На долю секунды ФМ ему поверил. От дыры в земле шел запах прелых листьев, цветов и –духов? Восточно-пряных. Душных. Коварная луна исказила действительность. Еловые лапы отбрасывали на колодец подвижные тени, а воспаленное воображение психотерапевта превращало их в большую антропоморфную фигуру, неуклюже выбирающуюся из путэоса.

– Масква! Анфис, гляди, целехонький!

Федя обрадовался алкоголику Волгину и меланхоличной «Лилу». Очень.

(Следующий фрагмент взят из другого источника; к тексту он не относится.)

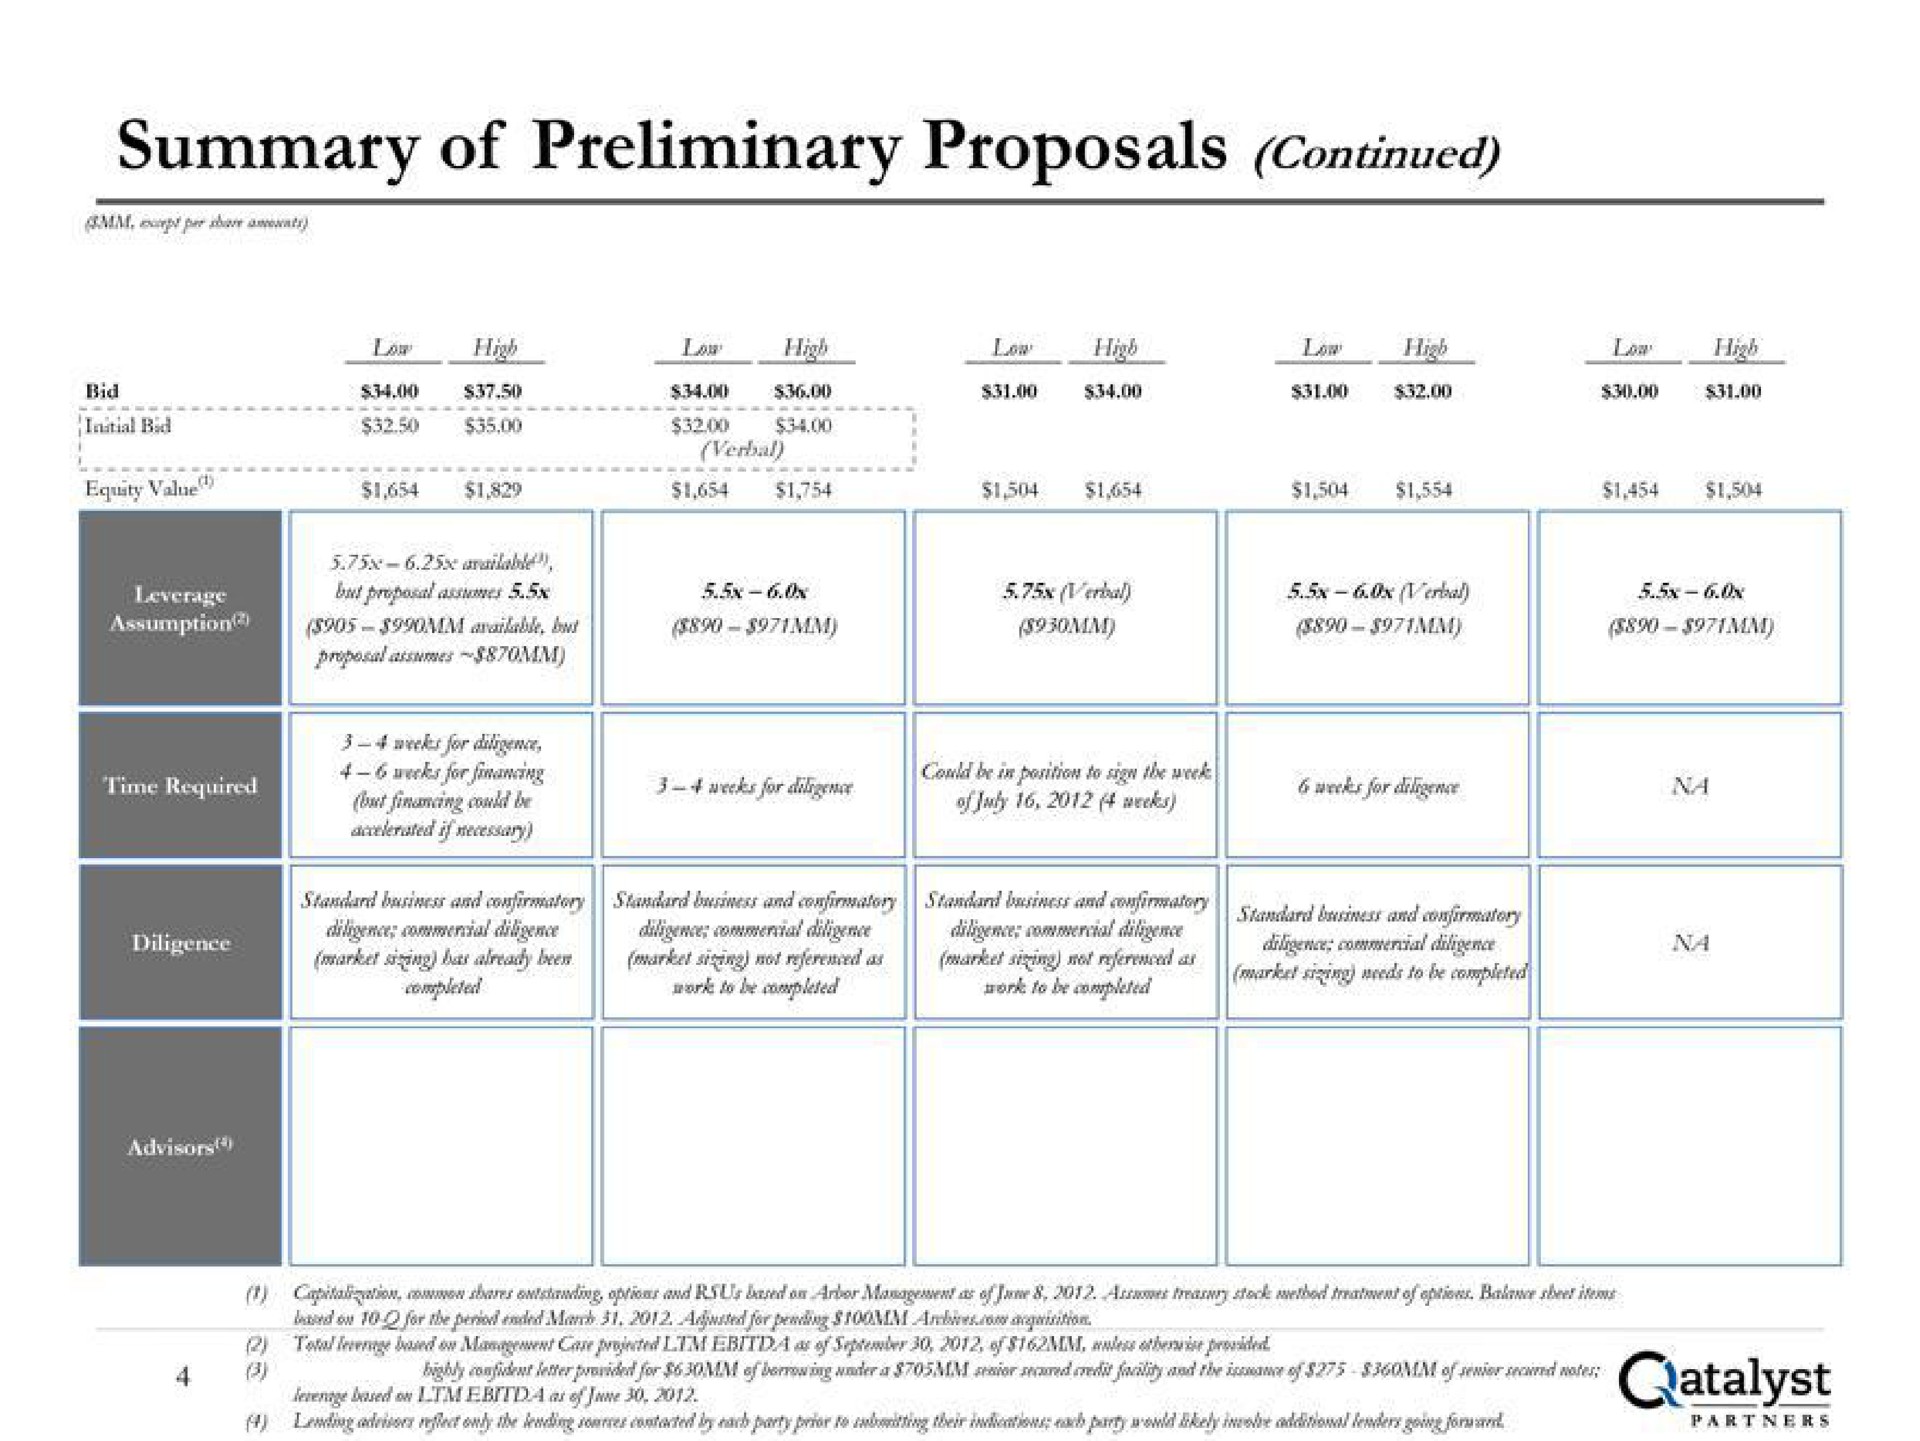 summary of preliminary proposals continued | Qatalyst Partners

Но, само собой, уточнил:

– Я не из Москвы. – Затем спросил. – Что вы тут делаете?

– Грибы кефиром поливаем. – Василич вытер лоб рукавом. – Тебя шукаем! Анфисина чуйка ее заклевала, мол, беда с Масквой!

– Я не из Москвы.

– Короче, Селижора – гондон. Прости, Владь…

Владя продолжал пялиться на колодец. Вряд ли он слышал Волгина.

– Ну и мы турбаваліся за тебя, Федор. Михайлович. Кинуть кого в лес для Селижоры – обычная развлекуха. Он доказательства, что здесь нечистая сила, ищет. Душегубы – народ суеверный.

– Водка есть?

– Самогон.

Слесарь вручил психотерапевту алюминиевую армейскую флягу. Продавщица взяла типа-архитектора под локоть.

– Наладится, – всхлипывала она, ободряя. – Устроится.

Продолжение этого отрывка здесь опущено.